We hit some limitations of KLEE
- (Like many verification tools) KLEE does not currently support concurrency. This is a problem because concurrency is fundamental to what OS kernels do and also because one of the most important Rust mottos is “Fearless Concurrency!”
- KLEE does not support symbolic allocation sizes. There are some possible partial workarounds but they are not perfect.
- KLEE is primarily intended as a tool to find bugs and to generate high coverage testsuites and it is very good at that. We are using KLEE a little beyond its intended use when we try to use it to prove properties about code. It would probably be better to use a tool that performs a breadth-first exploration of code paths because that gives a more usable guarantee about the code.

I hope that this series of posts will inspire some of you to try to fix some of the above issues.

Enjoy!

Although the verification-annotations library does work with several different verification tools, as far as I know, KLEE is the only tool that can cope with something as large and complex as Rust for Linux at the moment. This will probably change in the future though so, someday, this theoretical portability will become real. ↩
I also had to I had to add #[cfg(std)] annotations throughout the verification-annotations codebase since the Linux kernel is built in a no-std environment.
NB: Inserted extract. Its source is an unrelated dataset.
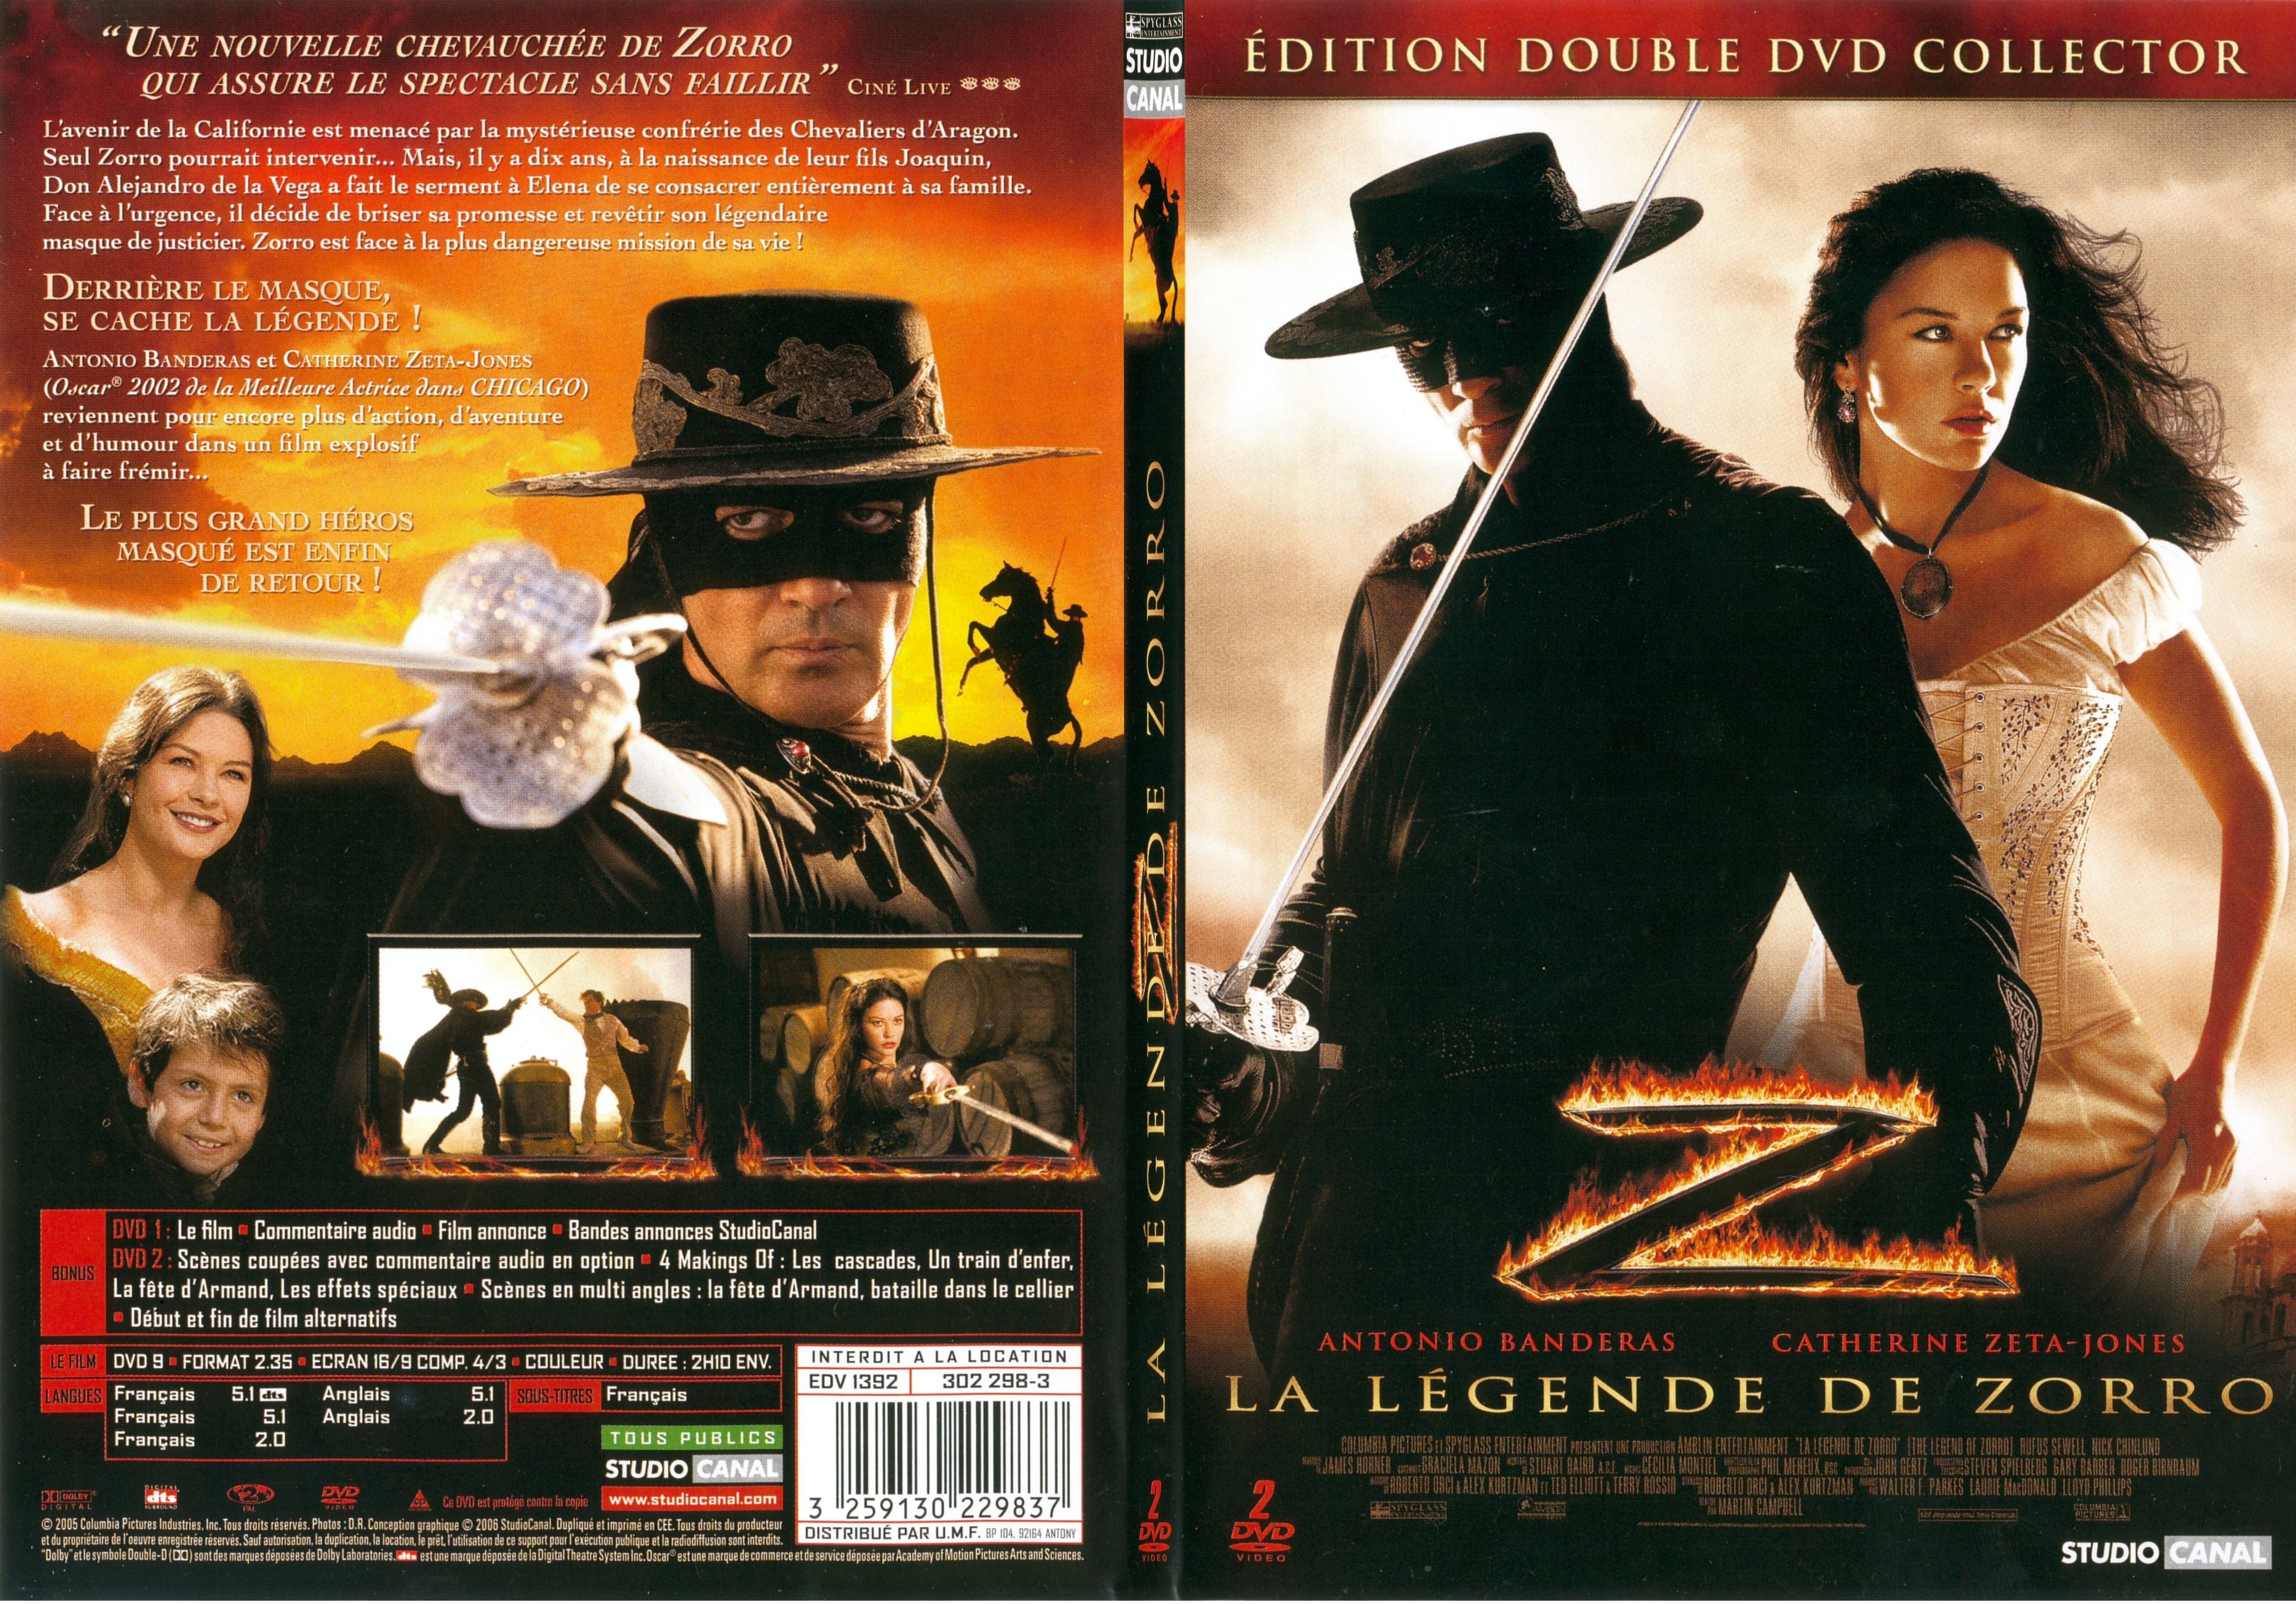 Jaquette DVD La lgende de Zorro - SLIM

The PropTest library also supports no-std but we have not yet updated PropVerify. ↩
I am not sure that this is a bug or, if it is a bug, whether we should view it as a bug in Rust for Linux or in the test harness. I’m going to pretend that it is a bug because it lets me show a useful trick and because, in practice, some bug reports turn out not to be bugs. ↩
Since verifier::sample is not sound, it should possibly be renamed verifier::unsound_sample? ↩

Written on August 24, 2021.
The opinions expressed are my own views and not my employer's.